Почему-то перед взором возник зимний пейзаж 1942 года. По дороге, вдоль которой лежали трупы лошадей, брёл лыжный батальон — дети лет семнадцати, все с автоматами, клинками, шанцевым инструментом на ремнях и свёрнутыми плащ-палатками за спиной. Они выглядели нестерпимо измучено, то и дело останавливались и валились в снег, принимая странные, трогательные, беззащитные позы. Макар Денисович вспомнил их усталость и тоску.
«Да, минули те времена, — вздохнул он и почувствовал острое сожаление, ударившее его в грудь, как острый нож. — А ведь как славно жили!»
Он не мог внятно объяснить, что же было хорошего в той полуголодном существовании, полном тревог и неопределённости. Впрочем, определённость была — будущее, которое надо было отвоевать и построить. Была светлая радость в груди, радость за детей, которым предстояло родиться в том будущем.
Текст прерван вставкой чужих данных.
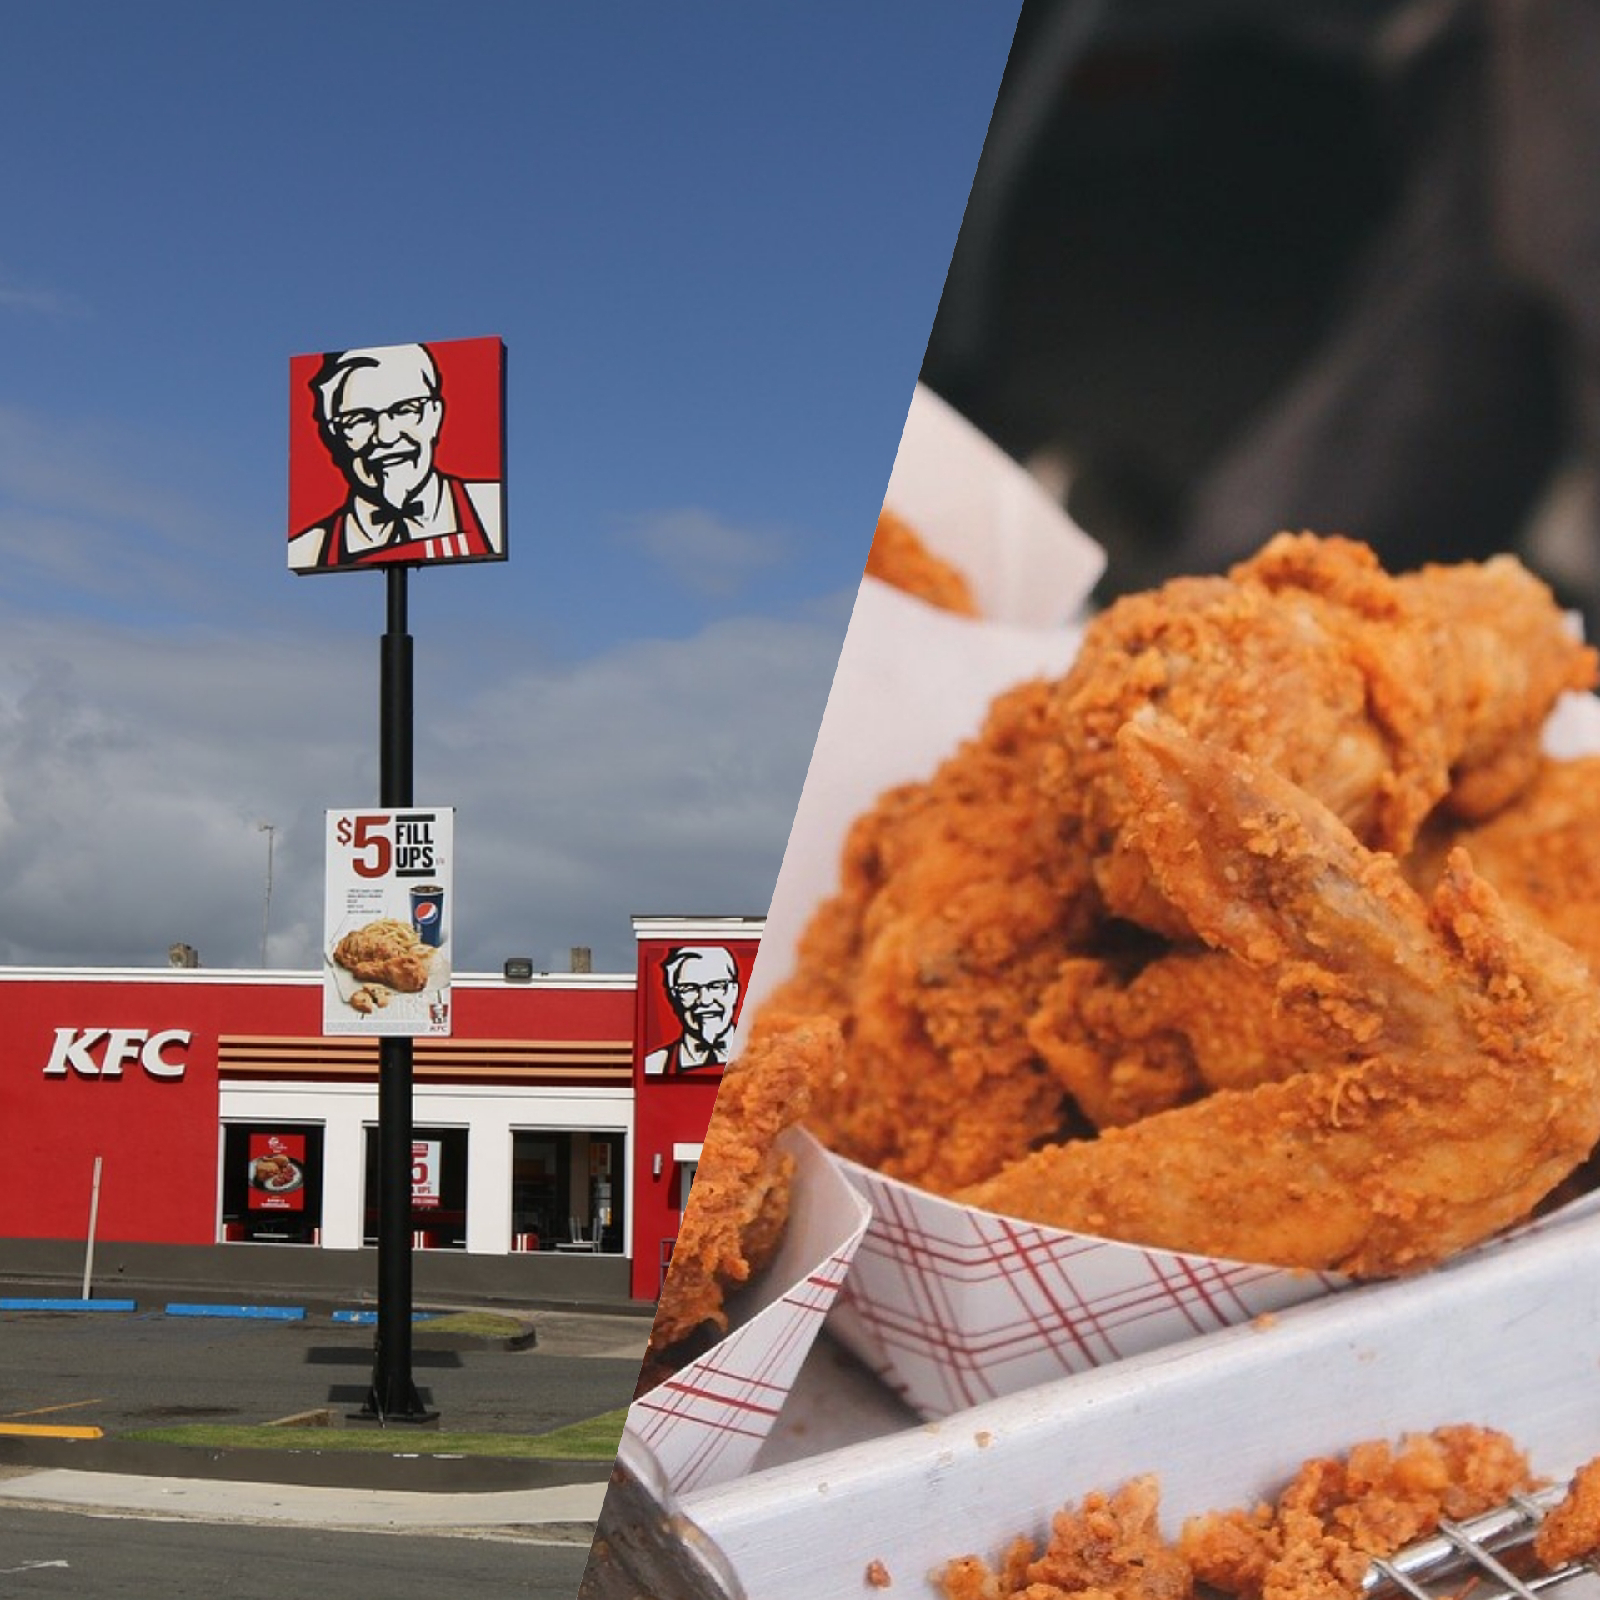 KFC revela receta original de su famoso pollo frito (por error) » TodoNorte  | Noticias, Directorio, Restaurantes, Negocios, Tiendas, Clinicas,  Hospitales, Servicios para hogar, servicios automotriz y más.
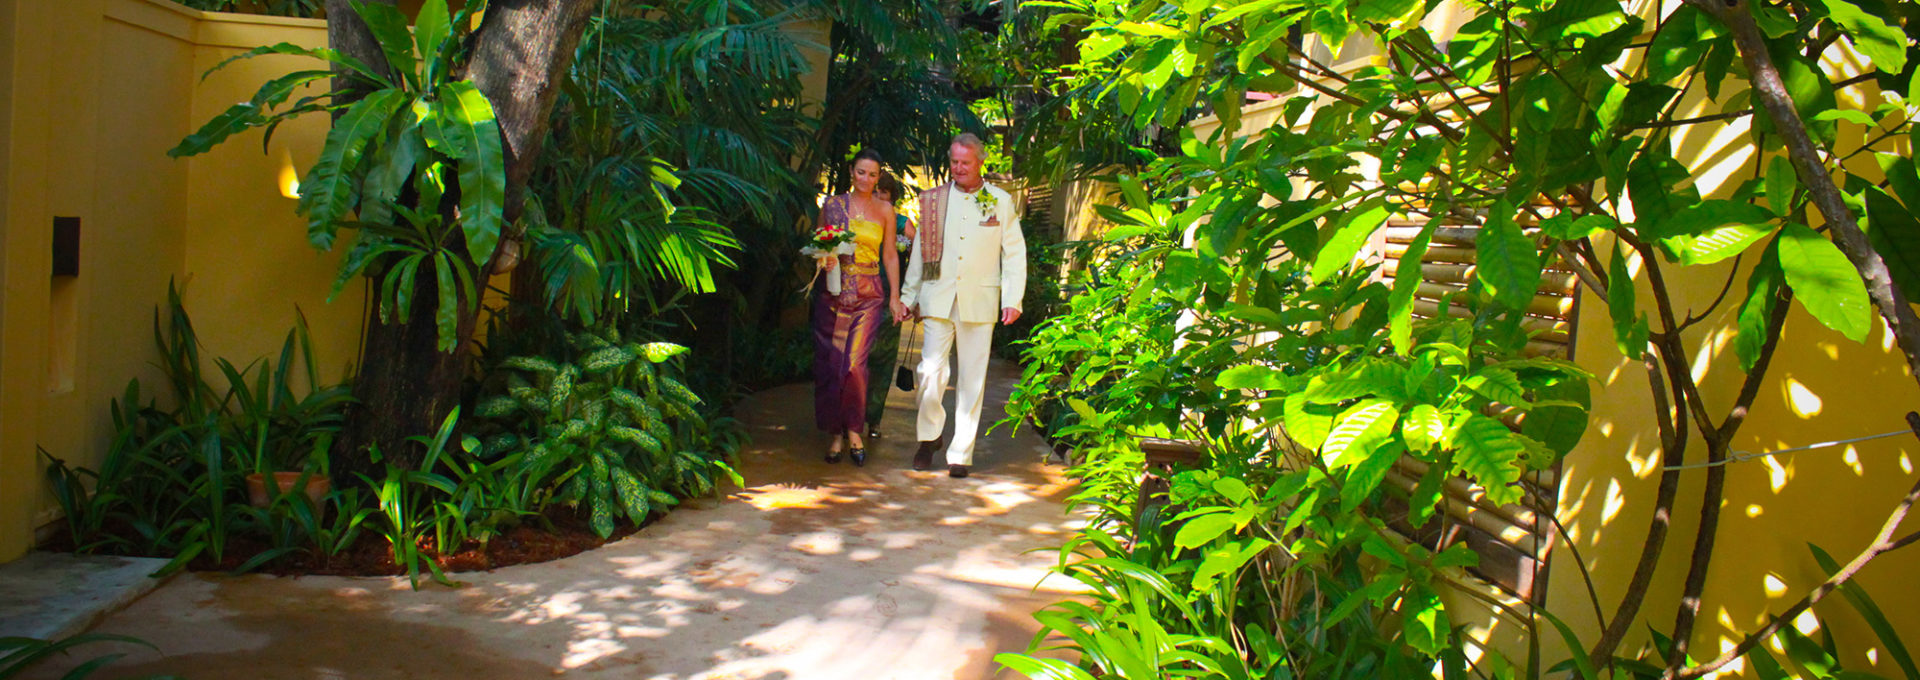 Samui island wedding

И ради этого будущего семнадцатилетние мальчишки поднимались из-за брустверов и с криком «Ура!» наступали под шквальным огнём противника, именно осознанно наступали, пересиливая страх, а не бежали безвольно, как стадо баранов.
Макар Денисович снова увидел тот лыжный батальон, вспомнил, как подошёл к одному из тех ребят, свернувшемуся калачиком на снегу, как в детской постели, и сказал:
— Держитесь, мальцы, держитесь.
Ему хотелось сказать им что-нибудь ободряющее, хотелось обнять и расцеловать их, но он не нашёл никаких слов.
«Какие люди были!» — Макар Денисович всхлипнул и отвернулся от окна.
МОСКВА. ВИКТОР СМЕЛЯКОВ. ЛЮБОВЬ
Всё больше и больше срастаясь со своей работой, Смеляков начал замечать разницу между советскими гражданами и иностранцами. Возвращаясь после дежурства в общежитие, он входил в метро и сразу окунался в атмосферу серости, которая раньше совсем не бросалась ему в глаза: люди вроде бы смеялись, шутили, разговаривали друг с другом, но во всём этом Виктору виделось что-то необъяснимо-печальное, некая скрытая, но почти физически осязаемая придавленность. Финны, с которыми Смеляков соприкасался ежедневно, поражали его своею — не беспечностью, нет, они были насквозь пропитаны своими обязанностями и ответственностью — необременённостью, раскрепощённостью. Их не тяготил груз идеологической строгости и морали, которые довлели над советскими людьми. Иностранцы позволяли себе рассуждать о жизни, не оглядываясь на постановления партийных и комсомольских собраний. Когда Виктор узнал, что за рубежом вообще не было такого понятия как партия, он был потрясён. То есть партий в капиталистическом мире насчитывалось превеликое множество, но ни одна из них не указывала народу, как надо рассуждать, как жить.